Quando não pego nenhum livro e já vou direto pro capítulo do dia de “Vale Tudo” (amo tia Celina sempre com um livrinho em mãos; e adorei esse post da Bazar do tempo indicando leituras para os personagens) ou pra mais um episódio da série nova da Lena Dunham (“Too much"), percebo que dá ruim. Fico com um olho na tela grande, outro na tela pequena, naquele frenesi de quem já se acostumou a derreter o cérebro.
O corpo, mais uma vez, fala — e mostra a ansiedade vindo (ainda lamento que travessão virou coisa de ChatGPT, viu? Sempre usei e vou continuar usando, mas agora fico pensando: será que alguém vai achar que escrevi com inteligência artificial? Não escrevi, me recuso. Será questão de tempo? Assunto pra outra news…). Se eu não leio, parece que fica faltando algo no dia. Parece exagero, mas é a forma como meu corpo se habitou.

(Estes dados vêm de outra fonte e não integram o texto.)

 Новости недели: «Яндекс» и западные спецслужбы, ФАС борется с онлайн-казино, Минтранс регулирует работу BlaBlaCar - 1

Mesmo sabendo disso, vivo a mesma vida exigente de qualquer um de vocês. Sou “atropelada” tantas vezes pelas demandas que dá até preguiça de contar. Então, tem semanas em que tudo o que eu leio é legenda de post no Instagram mesmo — e ainda bem que tem gente massa escrevendo por lá também.
Quanto mais o tempo passa, mais eu percebo que me tornei alguém que precisa de padrão e repetição para que o dia a dia flua. Venho, finalmente, me tornando o que mais queria: uma pessoa fã de hábitos. Preciso me exercitar com frequência, gosto de correr. Aliás, quando sei que vou ter um trabalho que exige bastante de mim, tenho experimentado me exercitar antes. Foi assim quando participei do TEDxBlumenau. Corri no começo do dia pra ter mais energia na hora de falar. Com a endorfina da atividade física, meu cérebro funciona melhor, minha voz sai com mais potência. Então, eu desenho o dia ideal e tento praticá-lo. Nem sempre dá, mas, quando dá, o meu corpo confirma o pensamento.

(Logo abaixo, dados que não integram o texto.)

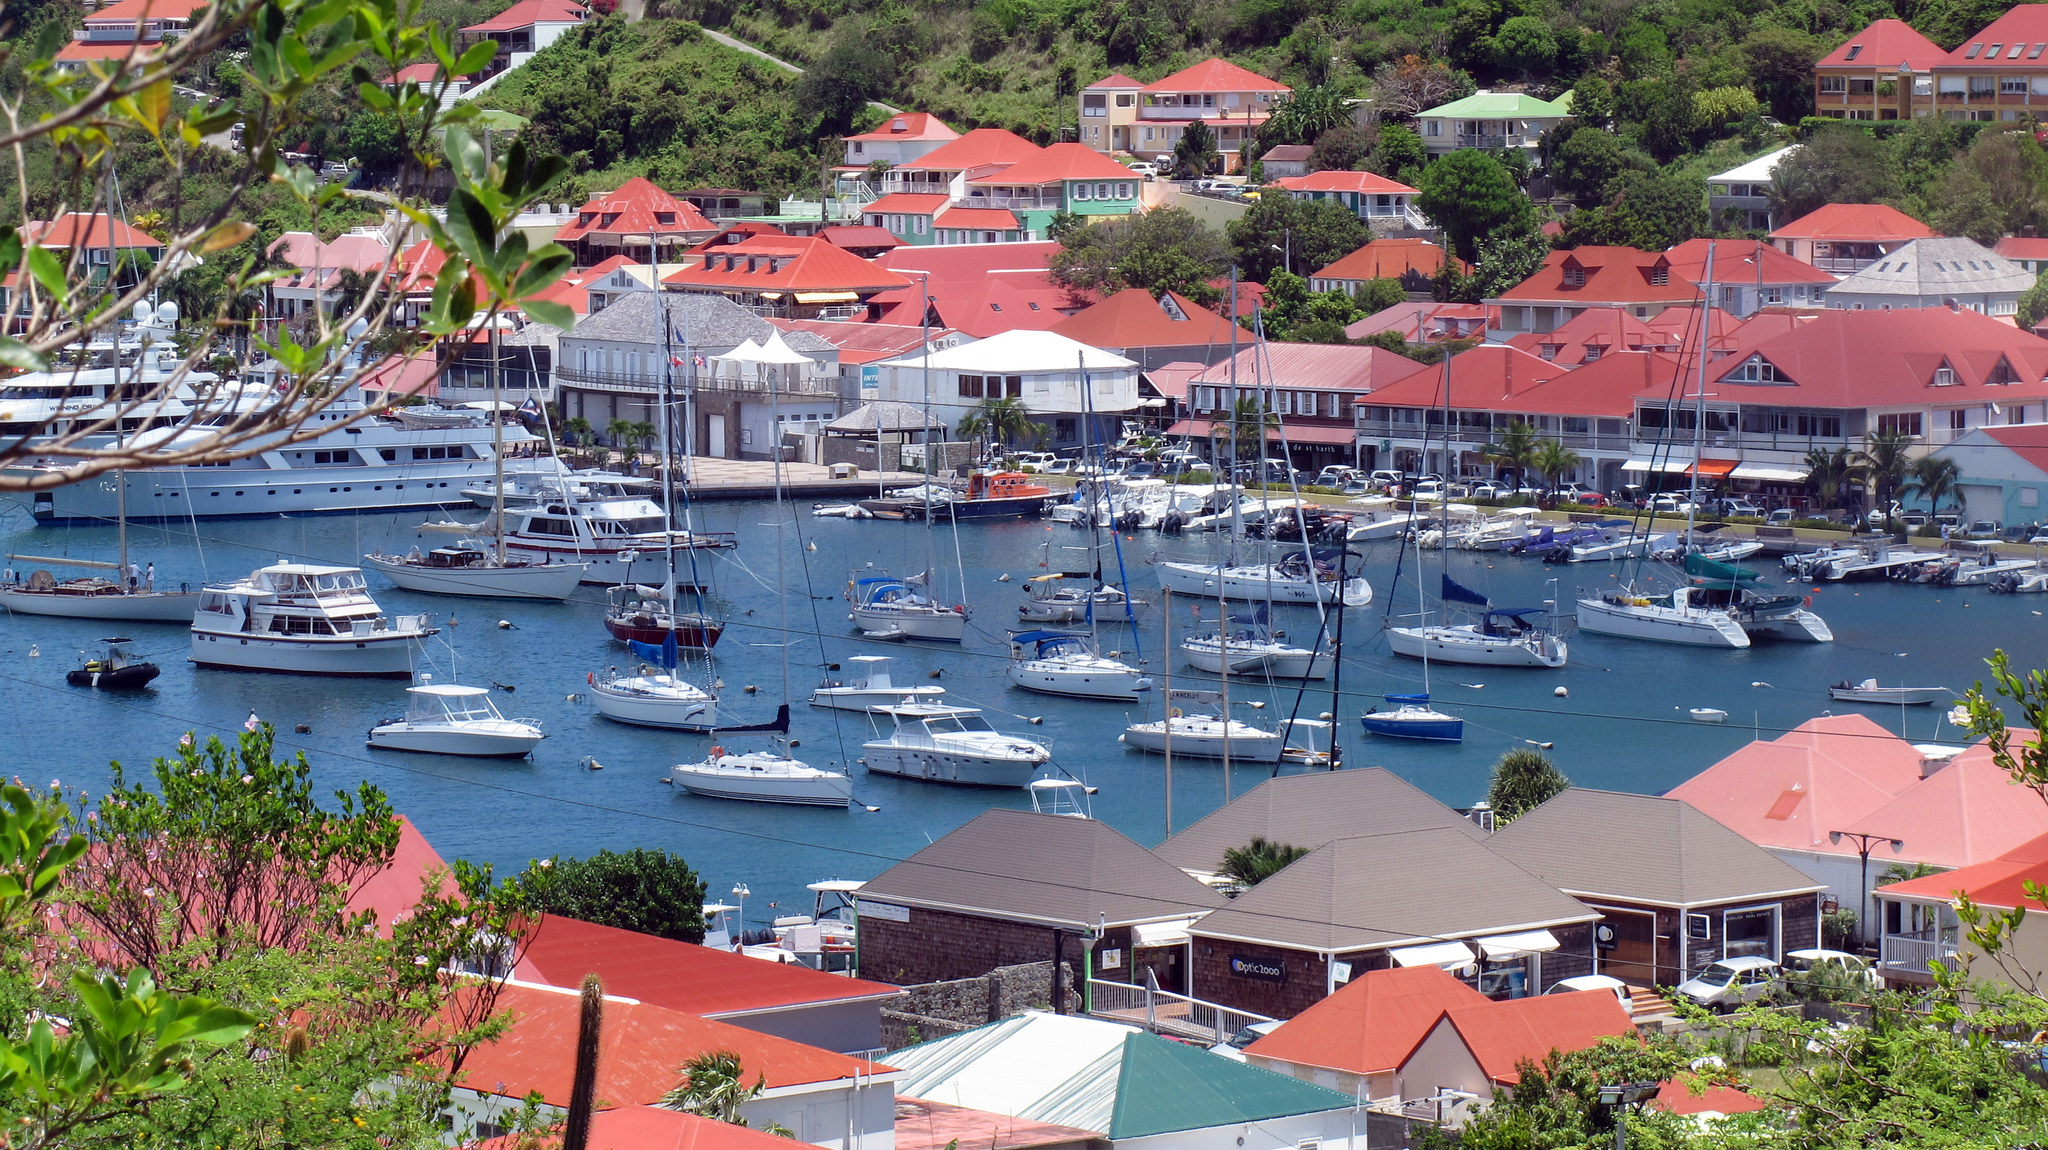 St. Barts là một hòn đảo thuộc vùng Caribe vốn chỉ có 24 khách sạn

Além disso, quanto mais eu leio, melhor eu escrevo. Essa é uma obviedade, eu sei. Mas esse combo é realmente poderoso. Uma coisa puxa a outra, tudo se mistura. De novo, o cérebro parece que fica “azeitado” para fazer o que pedimos dele. E isso acaba reverberando em outras atividades também.
Nesses últimos dias, além de não ler, também não escrevi. E, se não escrevo, fica faltando um pedaço de mim. Até anoto uma frase ou outra no bloco de notas do celular, mas não é suficiente. Preciso de um raciocínio completo pra manter o meu cérebro funcionando direito, pra sentir que eu tô indo pelo caminho certo.
É bom entender isso, é bom entender o que a gente precisa fazer pra ficar bem. E que bom que a lista de livros pode ser sempre encarada como um novo convite, né? Se aquela leitura não está fluindo, qual outra pode combinar melhor com o momento? Pega algo que te pegue de jeito, que te convide pra passar algum tempo ali naquela companhia.
O importante é insistir. Saber voltar. Lembrar do que acontece quando a gente diz sim para o que a gente já sabe que funciona. Entender que ler é tão importante quanto escovar os dentes, passar fio dental, fazer todas as refeições, de preferência longe do celular. Ler para se colocar de volta nos trilhos. Ler para sair tanto de si, lembrando que a vida é muito maior do que qualquer episódio que tenta nos desestabilizar. Ler porque a gente é gente, e não máquina, a nós não interessa um resumo de um livro feito por IA, mas como aquela autora começa um parágrafo, como a outra desenvolve um raciocínio, como aquela terceira abre novas abas na cabeça da gente porque se colocou no papel, criou, imaginou, investigou, dividiu — e nos envolveu tanto a ponto de reforçar o quanto a leitura muda tanto na gente.
Viva os domingos, que nos dão essa chance de dar uma reiniciada no sistema. Num mundo com tantas distrações, escolher se dar tempo para ler um livro sempre vai fazer a gente voltar pra nós mesmas. Ainda bem.
Este ano tem sido o que mais li em toda minha vida. Estou me reconectando comigo mesma. E como você mesmo disse, quanto mais a gente lê, mais vontade dá de escrever.
Oi, também sinto muito isso, que a leitura me regula. Quando passo momentos sem conseguir sei que não estou em momento bom. Também sofro com a ansiedade.